Representation of algebras as bounded nilpotent operators Let $A$ be a real/complex algebra (just a real/complex vector space with a multiplication; none PI's are required). Let $\mathcal{H}$ be a real/complex Hilbert space. Let $\operatorname{B}(\mathcal{H})$ be the algebra of bounded endomorphisms of  $\mathcal{H}$ and let $\operatorname{Nil}(\mathcal{H})\subset\operatorname{B}(\mathcal{H})$ be the vector subspace of nilpotent bounded operators, i.e., such that $T^2=0$. 
My question is:
There are known conditions on $A$ and on $\mathcal{H}$ to ensure the existence of representations $\rho:A\rightarrow \operatorname{B}(\mathcal{H})$ which factor trough the inclusion $\operatorname{Nil}(\mathcal{H})\hookrightarrow\operatorname{B}(\mathcal{H})$?
In other words:
Under which conditions there exists an algebra homomorphism $\rho:A\rightarrow \operatorname{B}(\mathcal{H})$ whose image is contained in $\operatorname{Nil}(\mathcal{H})$?
Thank you for any help.
P.S: I'm specially interested when the Hilbert space is the Sobolev space of some nice bounded open set $U\subset \mathbb{R}^n$ and related structures.

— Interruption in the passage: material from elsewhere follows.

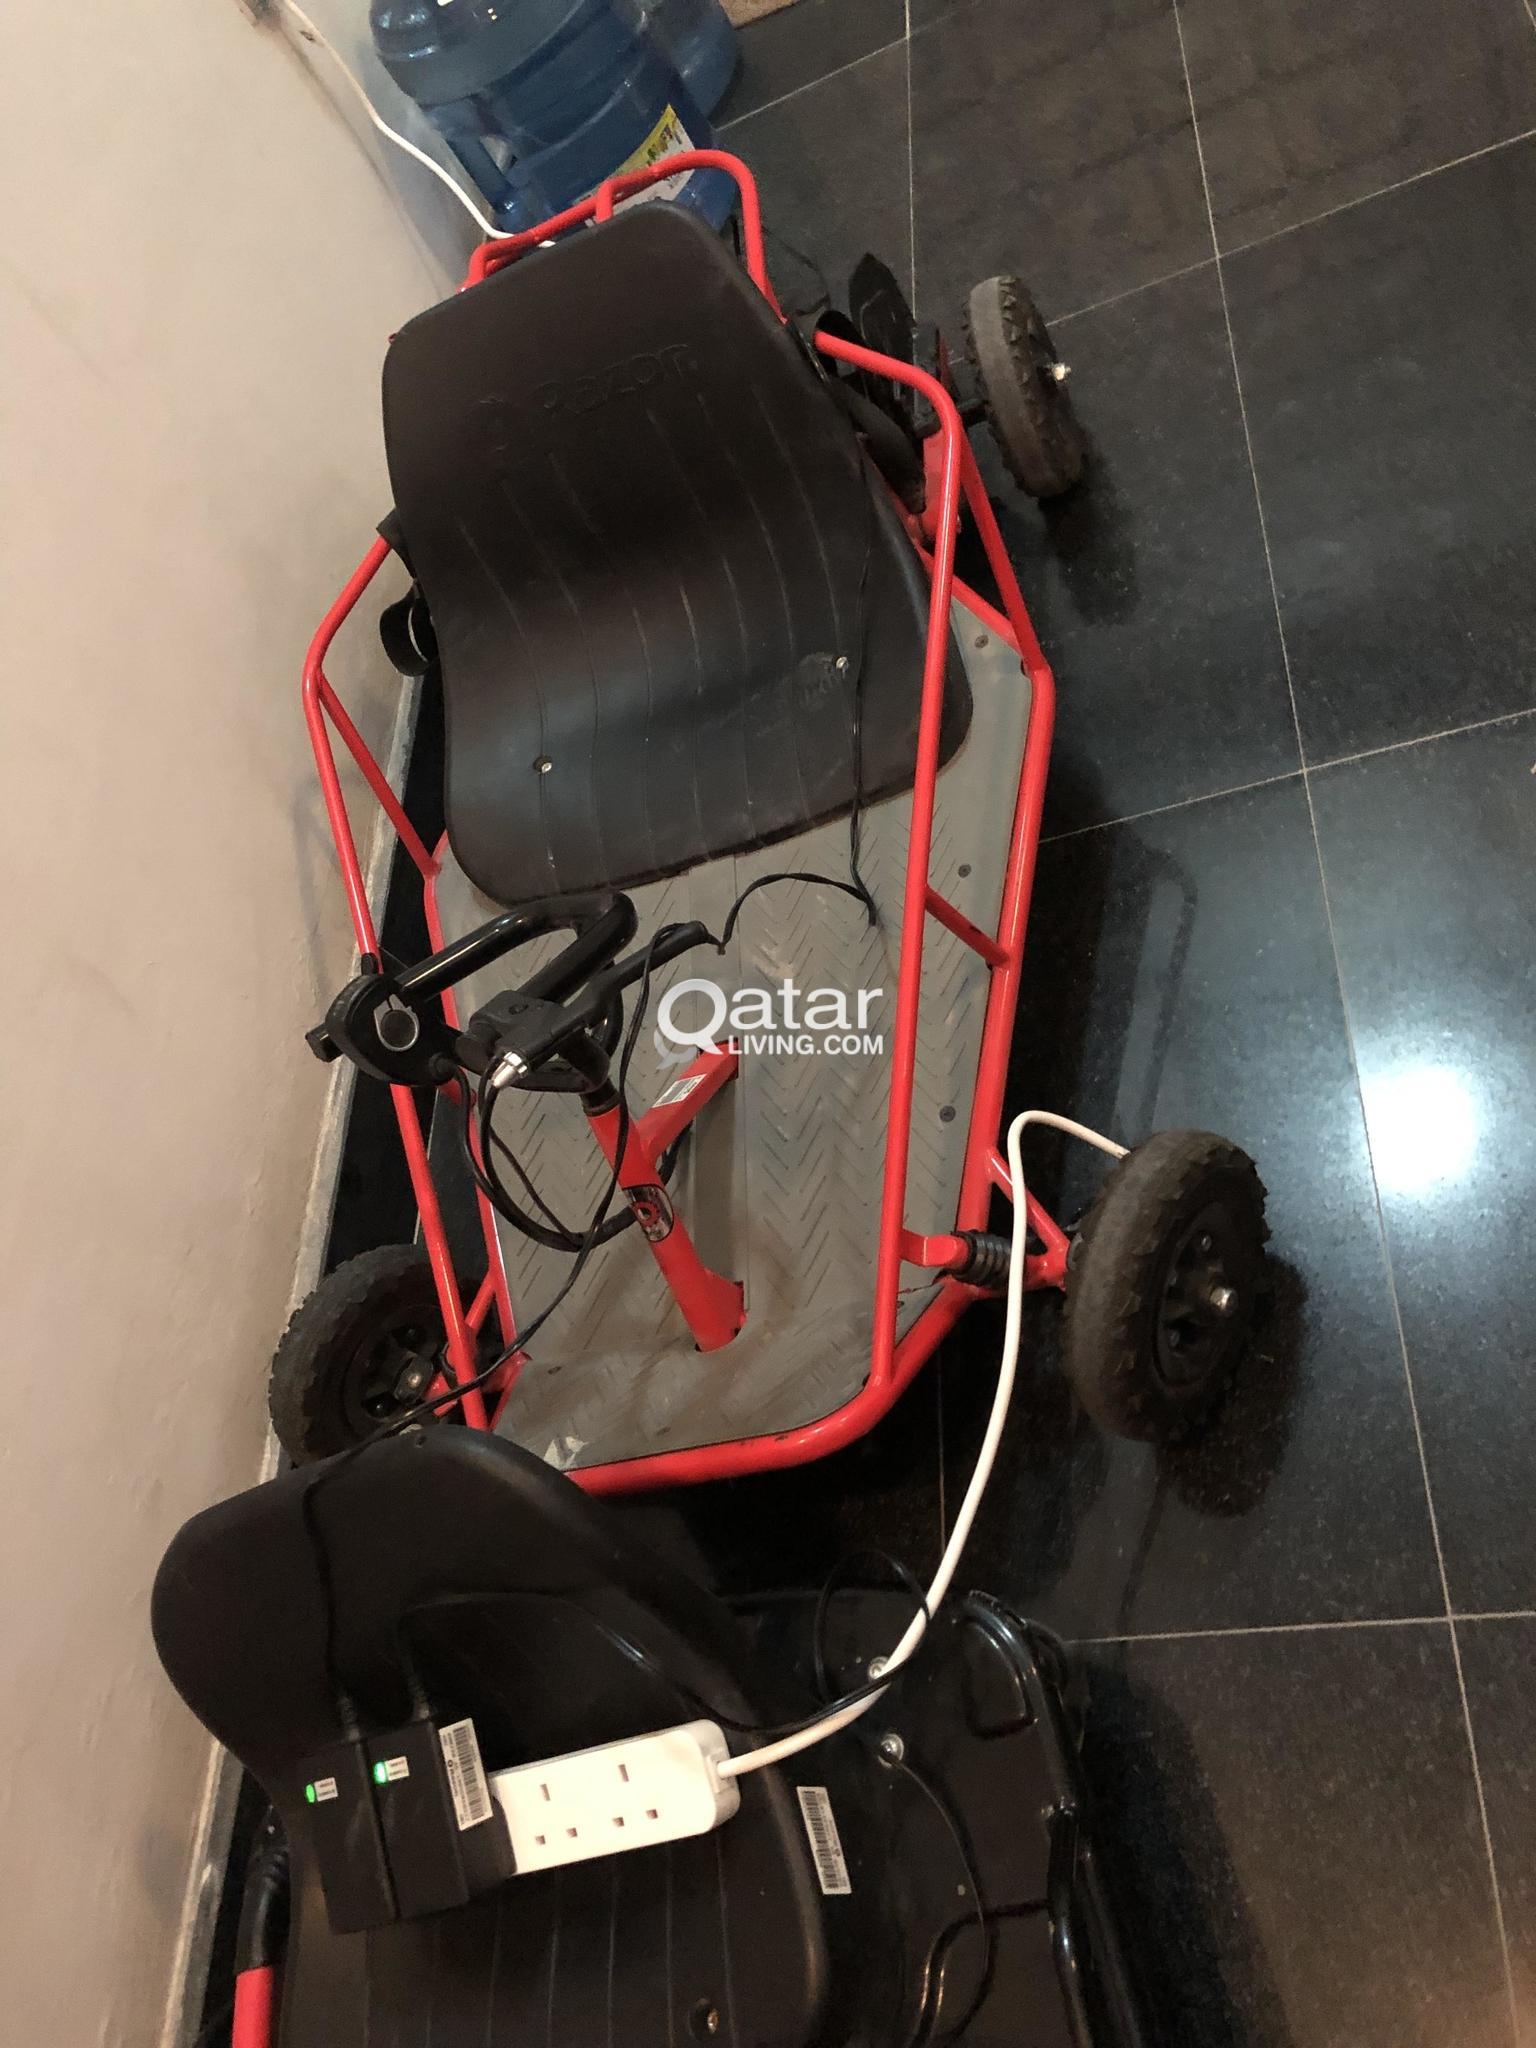 Amazingly Fun Razor Crazy Cart and Dune Buggy | Qatar Living

 A: The problem is still ill-posed, because the set of nilpotent bounded operators is not a vector space. (The sum of two nilpotents need not be nilpotent.) Let's interpret the question as: which algebras admit faithful representations as algebras of nilpotent bounded operators?
Note that "nilpotent" usually means $T^n = 0$ for some $n$, not $T^2 = 0$. But whatever definition you take, it will automatically be shared by $A$ and any faithful representation of $A$. So the question is just: which nilpotent algebras can be faithfully represented as algebras of bounded operators?
In the finite dimensional case, a theorem of Cayley tells us that every algebra can be faithfully represented as an algebra of matrices. So in this case every nilpotent algebra has a faithful matrix representation. I think the same is true of any algebra whose dimension is countable. Sketch of proof: assume $A$ is unital and let $T_1, T_2, \ldots$ be a vector space basis for $A$. We regard $A$ as acting on itself by left multiplication and need to find an inner product with respect to which every left multiplication operator is bounded. We can do this by taking the $T_i$ to be mutually orthogonal, and inductively taking the Hilbert space norm of $T_i$ to be sufficiently large so as to ensure that the compression of $M_{T_j}$ (the left multiplication operator), for any $j < i$, to ${\rm span}(T_1, \ldots, T_i)$ has norm at most $(2-1/i)r_j$ where $r_j$ is the norm of its compression to ${\rm span}(T_1, \ldots, T_j)$.